■ **TASK BRIEF**
Restate the full listing word for word; images stay out of it.

■ **GIVEN MATERIAL**
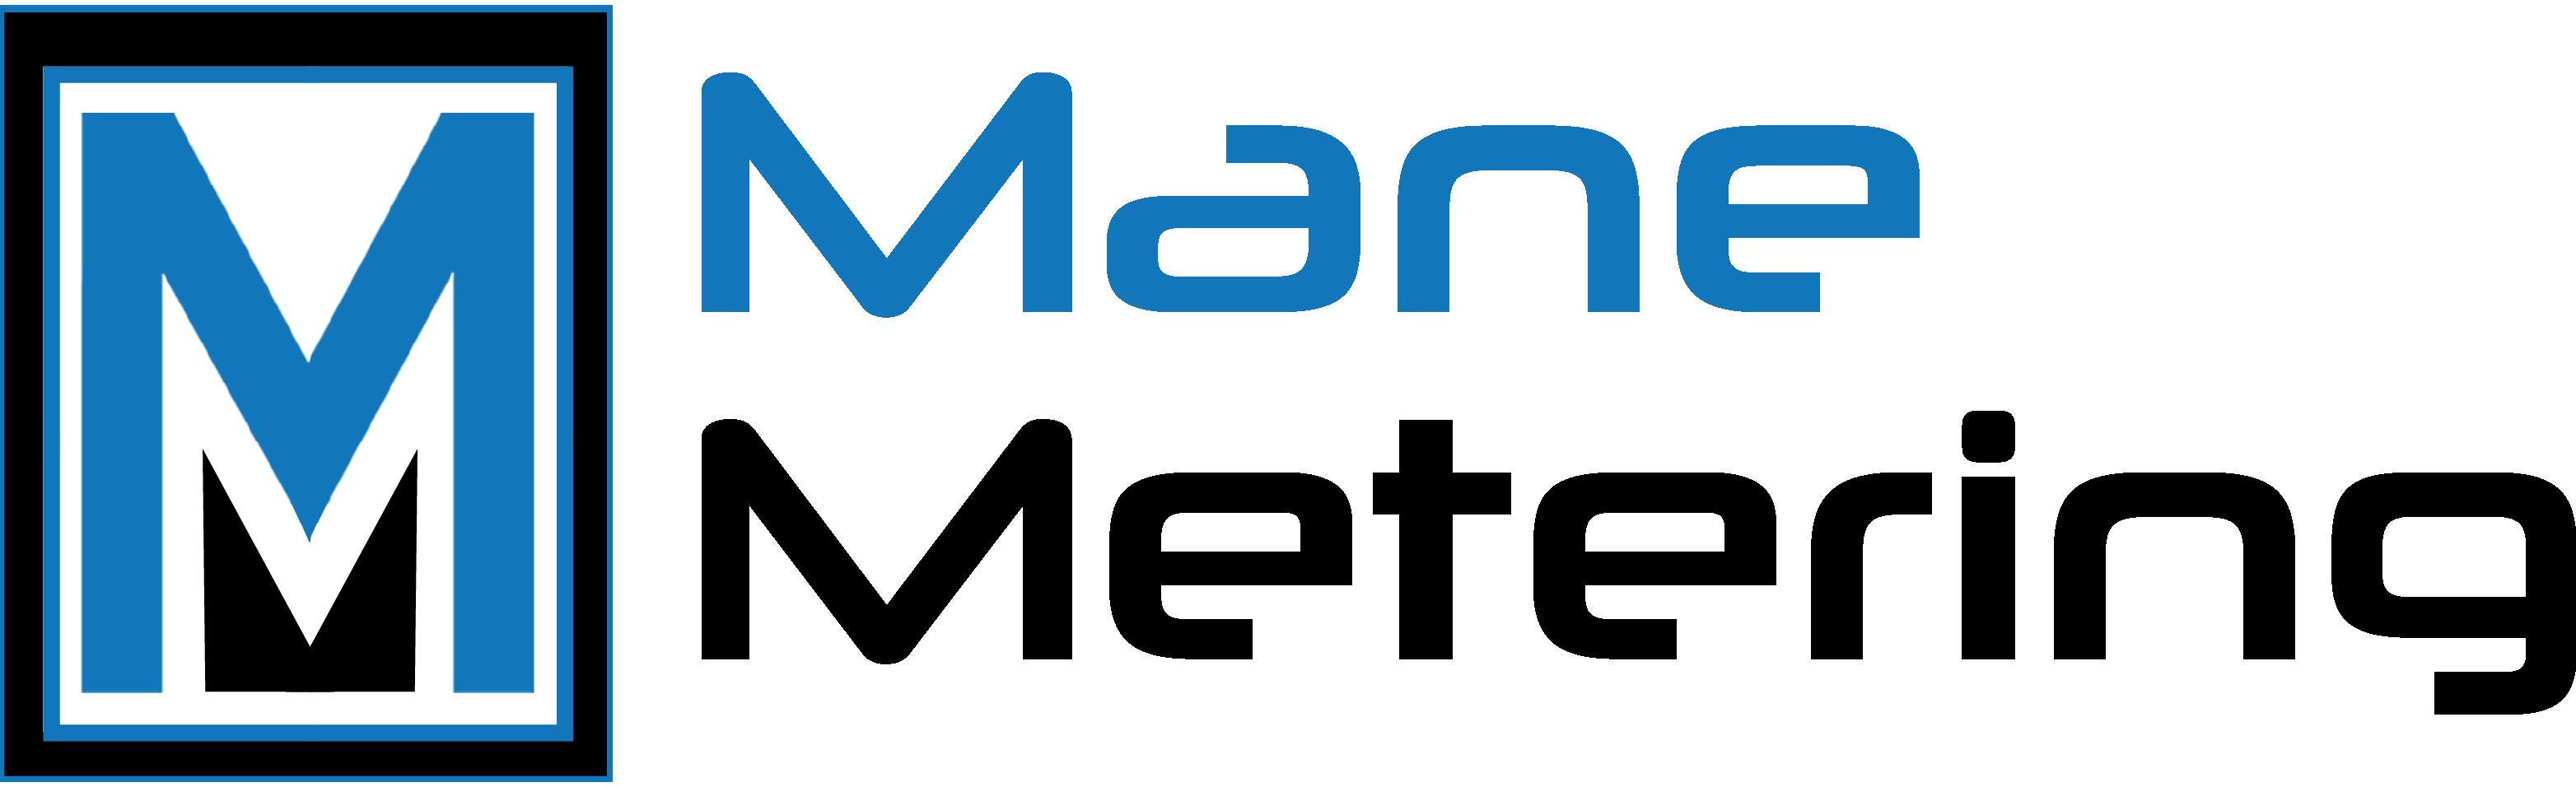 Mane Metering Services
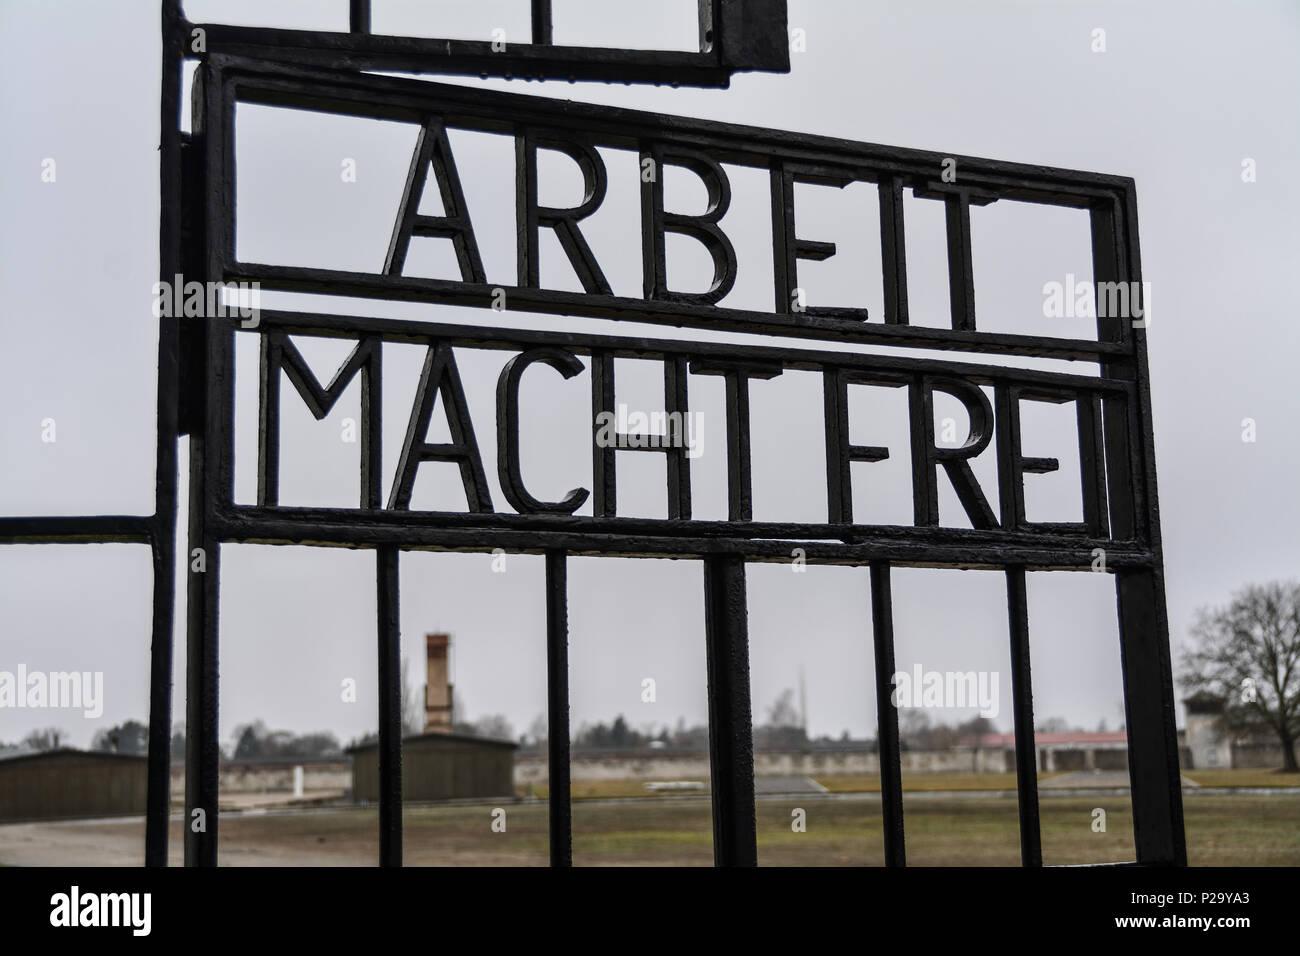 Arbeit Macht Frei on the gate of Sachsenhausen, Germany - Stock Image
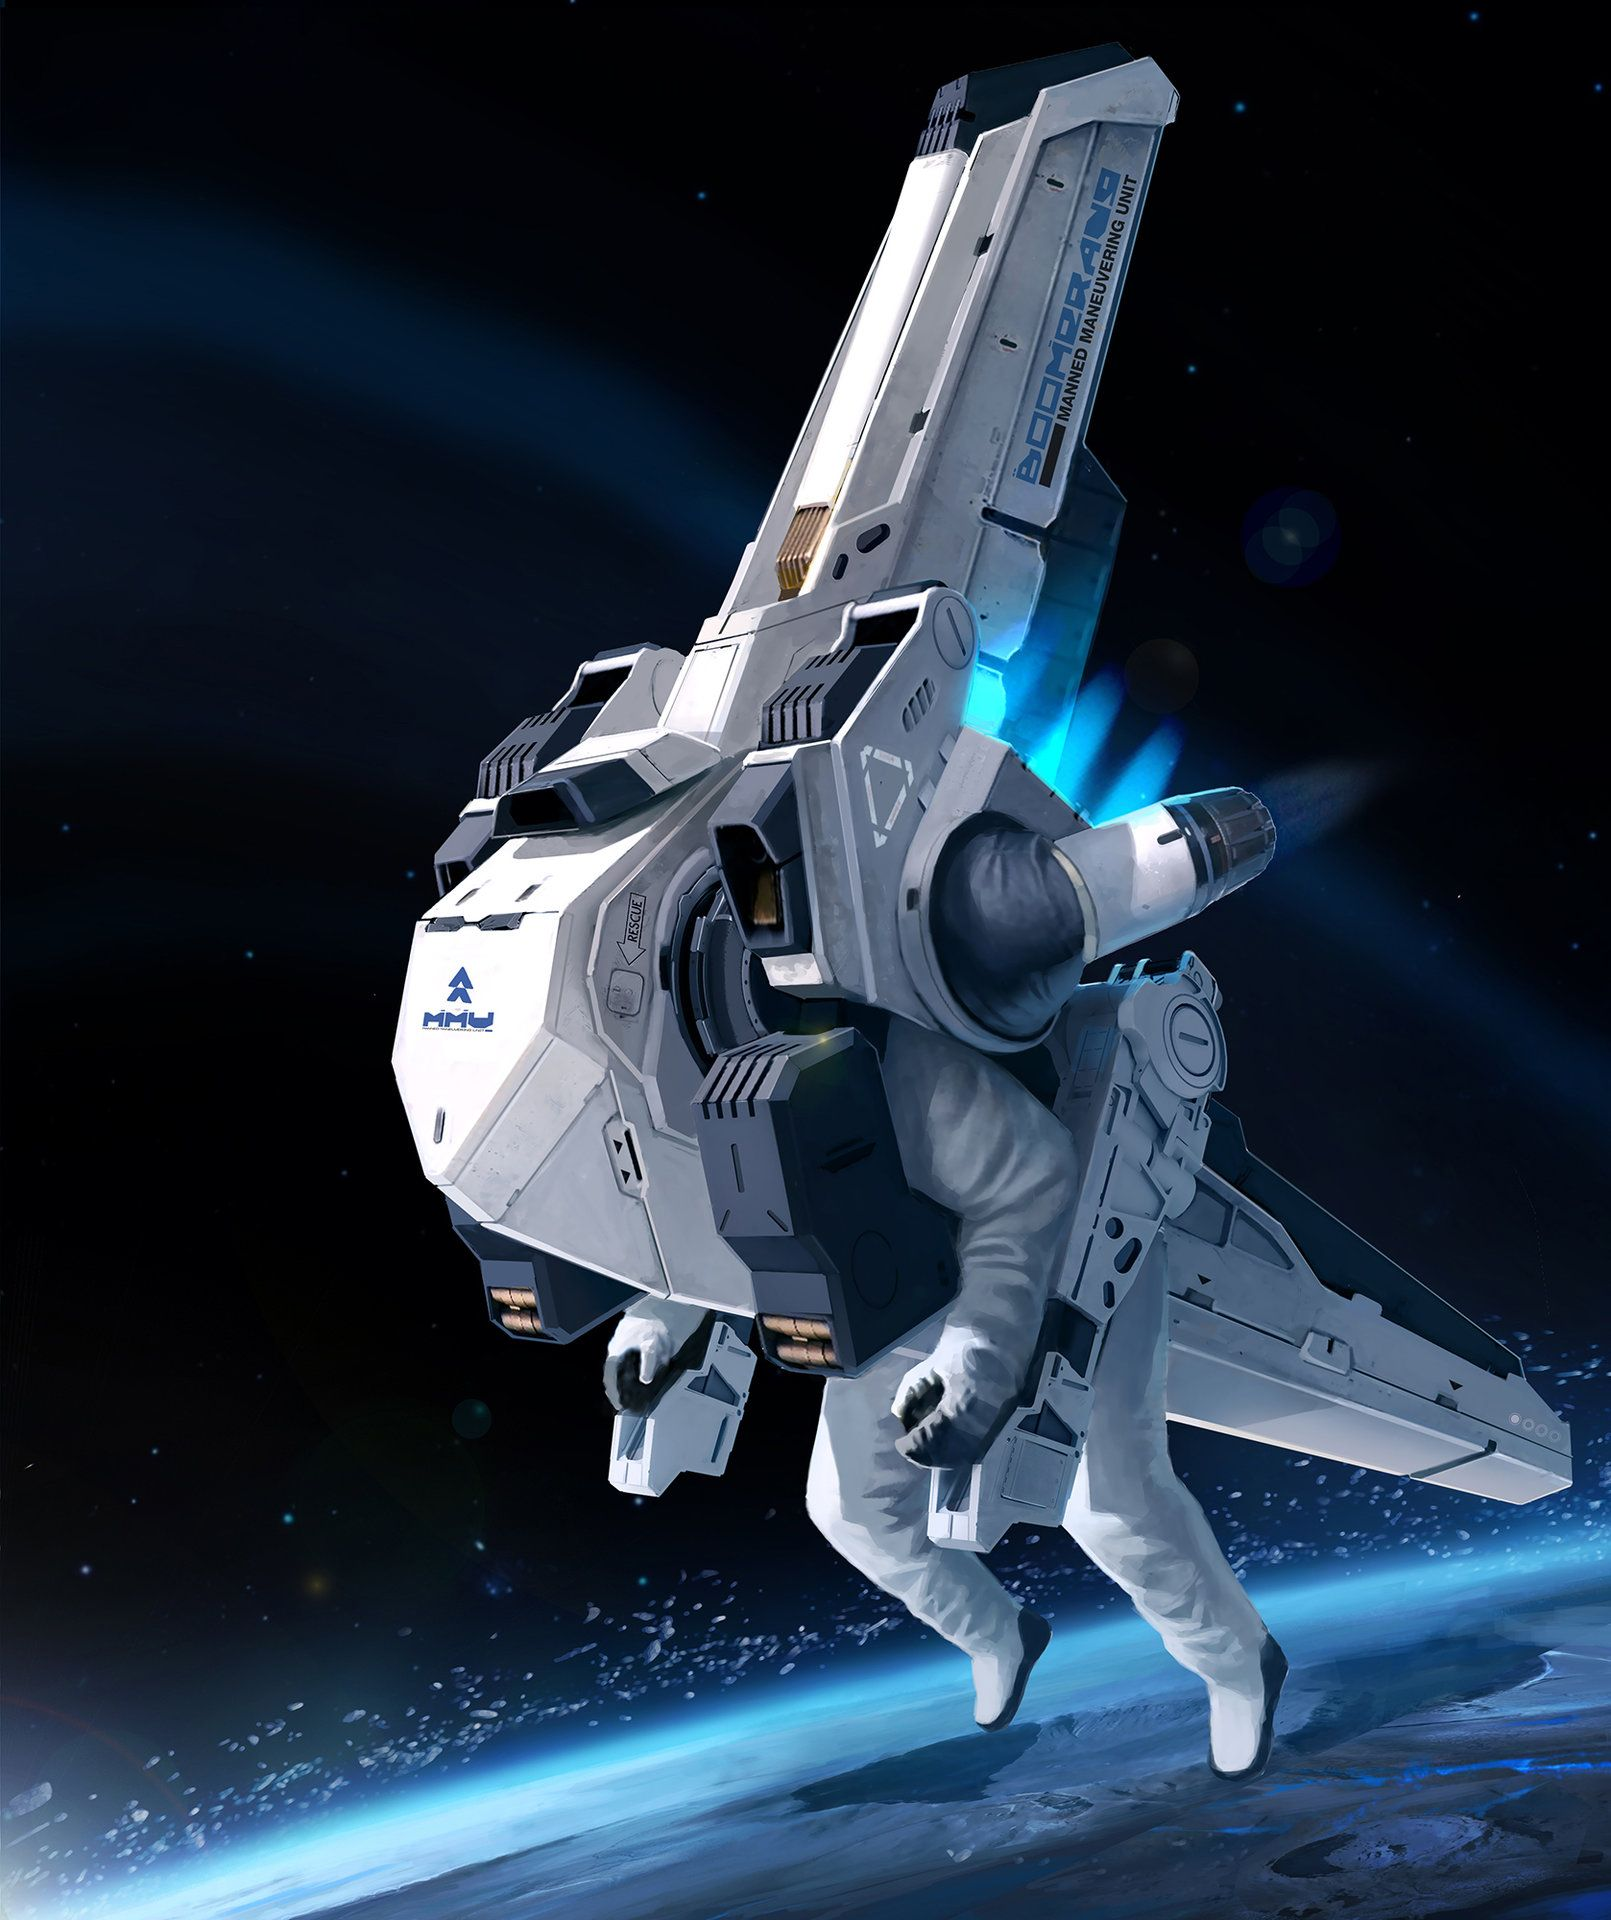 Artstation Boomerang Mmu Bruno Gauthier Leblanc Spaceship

■ **RESULT BELOW**
 Mane Metering Services
 Arbeit Macht Frei on the gate of Sachsenhausen, Germany - Stock Image
 Artstation Boomerang Mmu Bruno Gauthier Leblanc Spaceship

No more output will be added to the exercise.